Objective: To retrospectively review our experience with the diagnosis and treatment of carotid bifurcation tumors (CBFT).
Methods: This was a retrospective study of 60 patients with CBFT who underwent surgical and conservative treatment. The patients' clinicopathological features, imaging examination findings, treatment strategy, and prognosis were analyzed. The surgical grade, blood loss, tumor size, operative time, and postoperative complications were analyzed by Spearman's correlation.

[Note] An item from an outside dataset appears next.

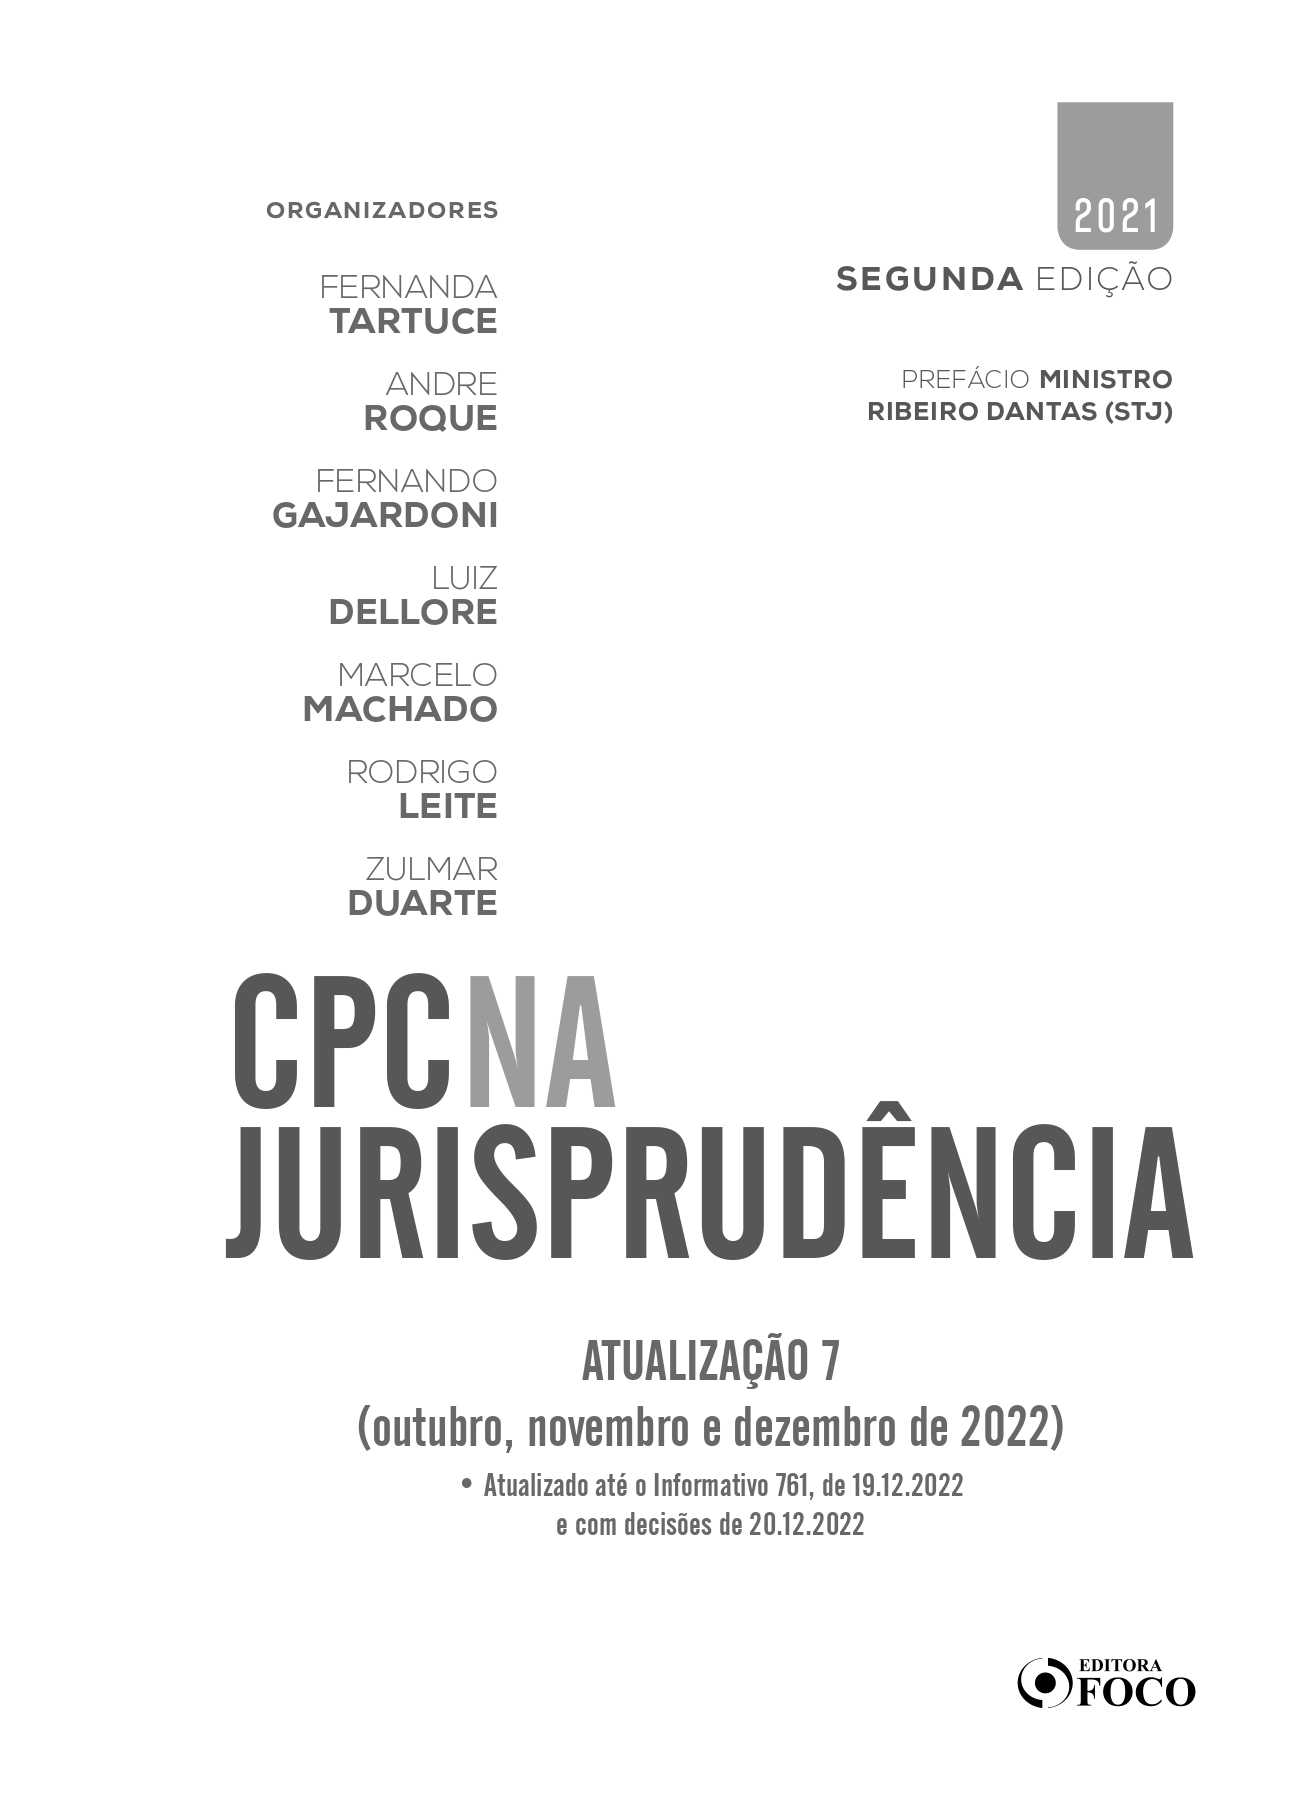 Atualização 07 | CPC na Jurisprudência | Editora Foco

Results: Resection was performed in 52 patients with 53 tumors. The mean tumor volume, operative time, estimated blood loss, and follow-up time was 47.62 ± 65.28 cm, 176.1 ± 86.55 minutes, 231.3 ± 354.0 mL, and 44.42 ± 29.30 months, respectively. Pathological examination showed that the number of carotid body tumors (CBT; paraganglioma), neurilemmoma, mesenchymal tissue tumor, and angioleiomyoma was 42, 8, 1, and 1, respectively. Of the CBT group, the rate of Shamblin Type I, II, and III was 11.9%, 59.5%, and 28.6%, and three cases were malignant CBT with lymph node metastasis. Spearman's correlation analysis showed that complication grade was significantly related to surgical difficulty grade and operative time.
Conclusion: CBT is the most frequent lesion in CBFT, and CBT may be treated safely by surgical management. The severity of surgical complications is significantly correlated with surgical difficulty.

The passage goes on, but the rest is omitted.